(introduction) Re: [ietf-enroll] Charter
Trevor Freeman
trevorf at windows.microsoft.com
Wed May 7 08:58:30 EDT 2003
All of the example quote are user to infastructure. I believe there is little difference between user and infrastructure introductions and user to user introductions with the objective of ad-hoc relationships. Therefore the terminology "petitioner" & "register" seems a little weighed to that end.
I don't think we need to limit the exchange to the cryptographic capability of the user. /we can typically establish strong cryptographic link between two parties, what we then have to figure out is ways to establish mutual indention. ?That does not have to be restricted to a cryptographic based proof of identity.
I have had trouble registering with this list and am hoping I have now rectified this so you may see some more postings if the list moderator decides to forward them.
Trevor
________________________________
From: Max Pritikin [mailto:pritikin at cisco.com]

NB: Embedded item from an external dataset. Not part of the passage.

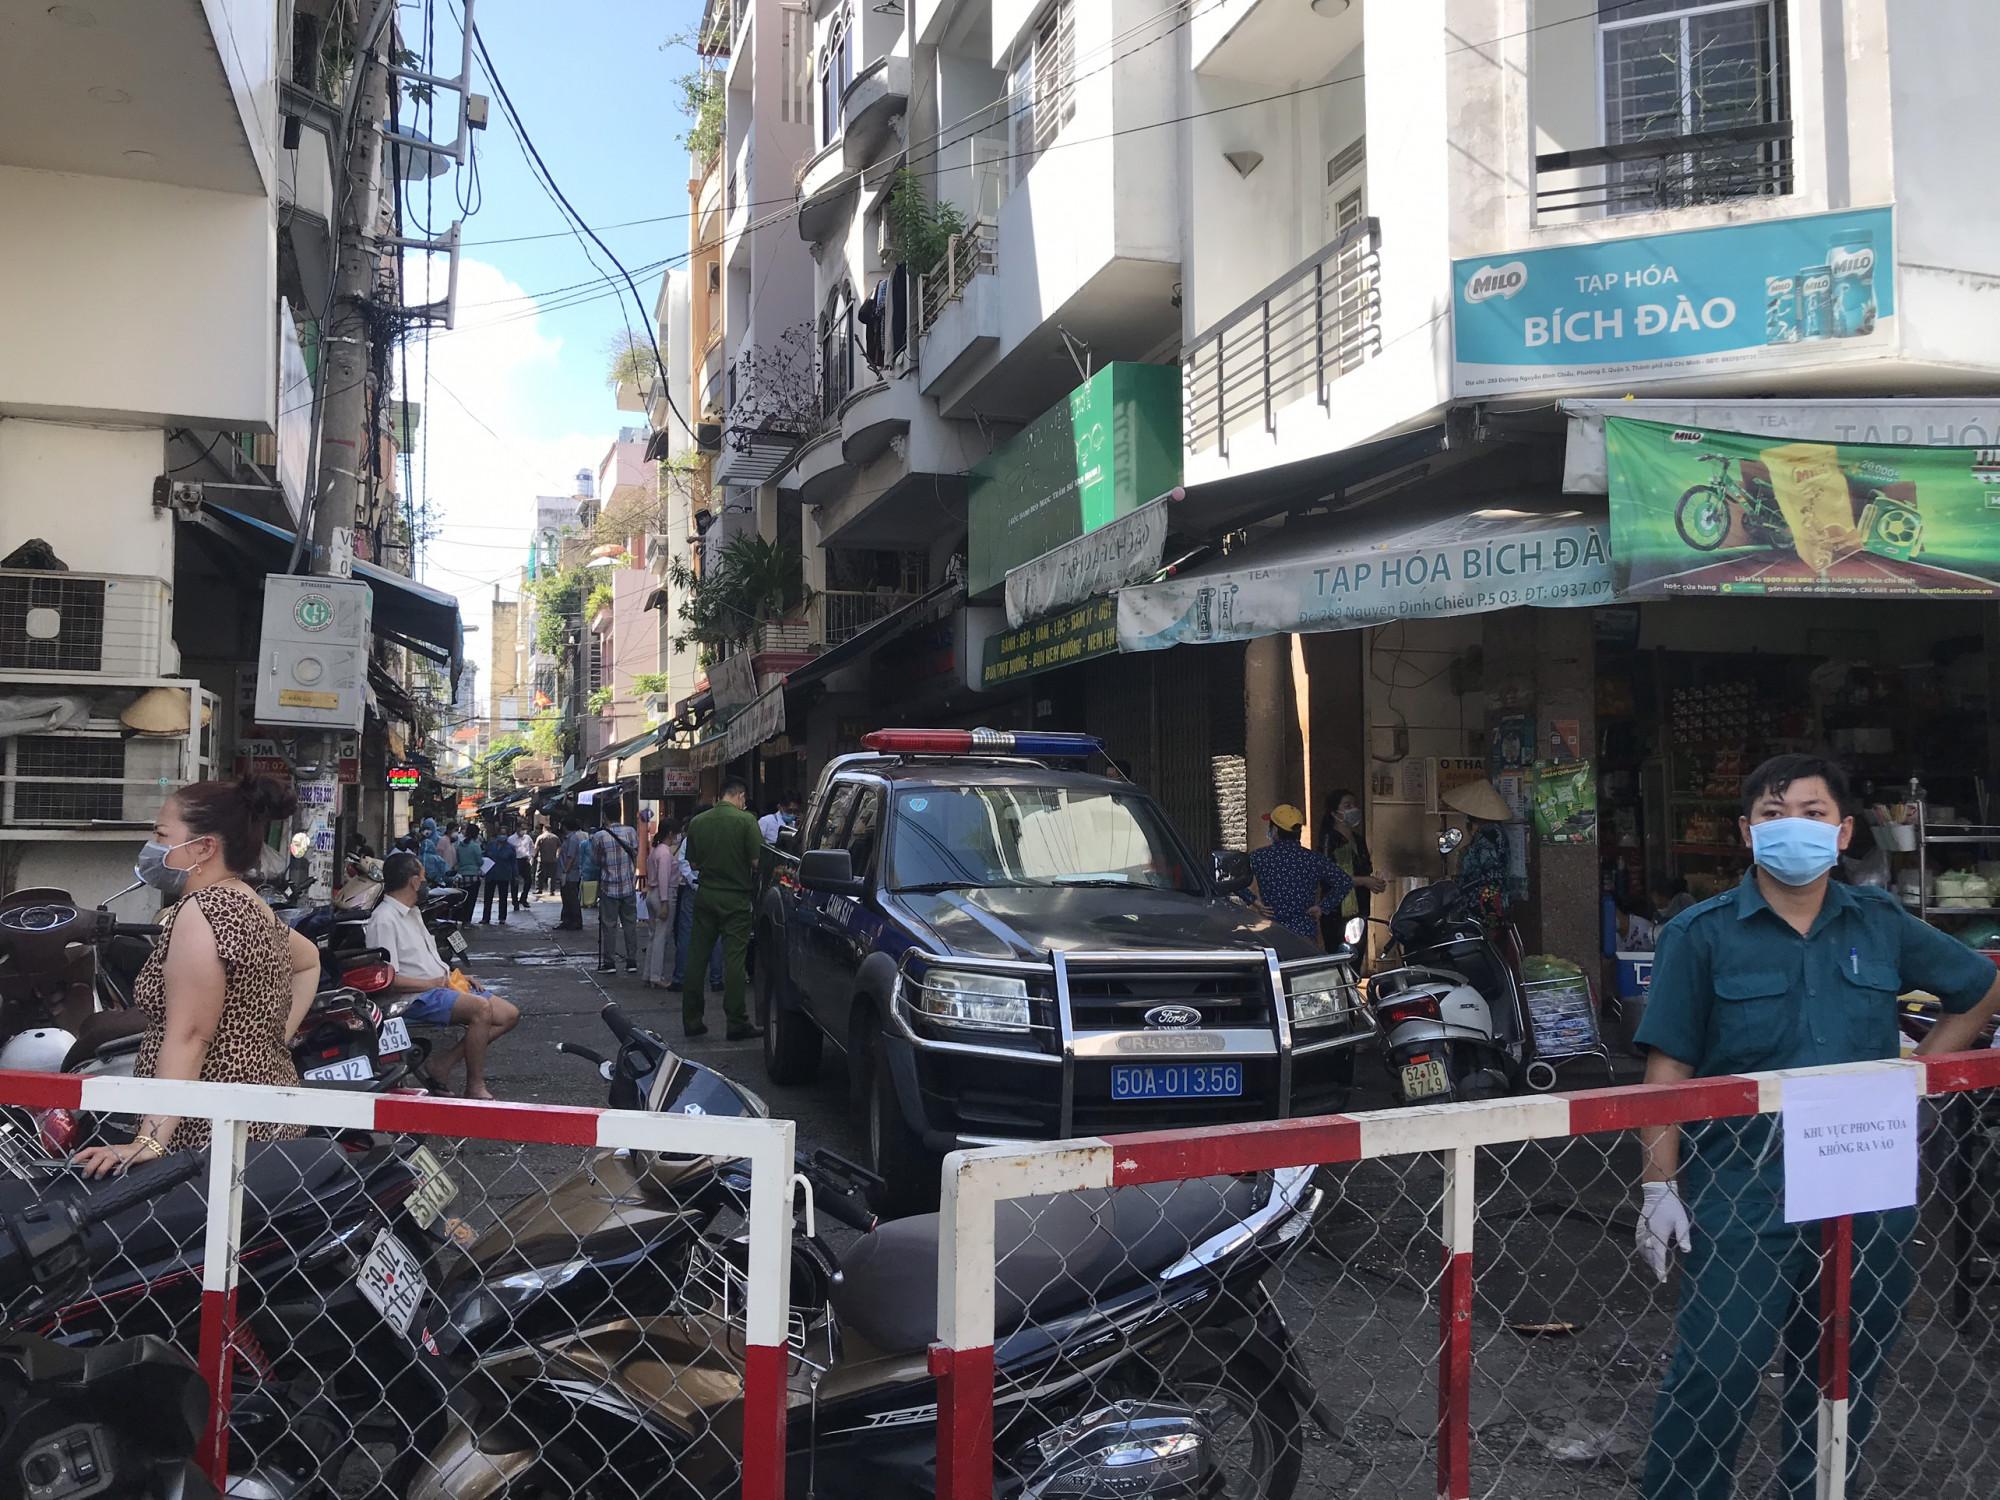 Hẻm 287 đường Nguyễn Đình Chiểu đang được phong tỏa

Sent: Tue 5/6/2003 10:51 PM
To: jimsch at exmsft.com
Cc: 'IETF-Enroll'
Subject: RE: (introduction) Re: [ietf-enroll] Charter
Jim,
(And anybody else...)
On Tue, 2003-05-06 at 20:01, Jim Schaad wrote:
> Max,
>
> >
> > I'm concerned about the assumptions behind this initial proposal.
> >
> > What we have here is the start of 'yet another enrollment
> > protocol'. I'd like to talk a bit about why these previous
> > enrollment protocols have failed and to present an
> > alternative idea for how we could approach the problem. I'll
> > use the following inline comments to launch of the discussion
> > and followup with some more detailed proposals if people are
> > interested.
> >
> > On Mon, 28 Apr 2003, Jim Schaad wrote:
> >
> > > Here is a candidate charter for people to take shots at.
> > >
> > > Description of Working Group:
> > >
> > > There are many cases where a user needs to obtain credential
> > > information from a service provider and provide for some type of
> > > information for validation of identity. This working group
> > will look
> > > at some of the cases dealing with the use of cryptographic
> > algorithms
> > > for providing this information.
> >
> > I agree with this statement but will re-phrase it in more
> > generic terms (a nitpick):
> >
> > There are many cases where previously unrelated entities need
> > to establish cryptographic credential information sufficient
> > for identifying each other in latter exchanges. This working
> > group will look at some of the cases dealing with the use of
> > crytographic algorithms for providing this information.
> >
>
> In this paragraph you have made some assumptions that I don't
> necessaryly want to make.
>
> 1) There is bidirectional identification. I can see cases where the
> identification may only be in one direction.
Certainly unidirection introduction is possible - I didn't mean to imply
that it is not. The model I'm proposing handles this very well. If the
Introducer passes key material about the Registrar to the Petitioner
without also passing any Petitioner key material to the Registrar then
you have unidirectional introduction. For example:
P<---- no existing keys ----->R
|
|using
|local keys K1
|(A1) (The Introducer doesn't have
+---------Introducer to tell R anything)
(Examples of this include the Introducer being a manufacturer and
shipping P with R's public keys. They also include situations where I is
the administrator who logs into P and types in a fingerprint.)
> 2) The entities are necessarily previously unrelated. This is the
> normal case, but not necessarilly the only case.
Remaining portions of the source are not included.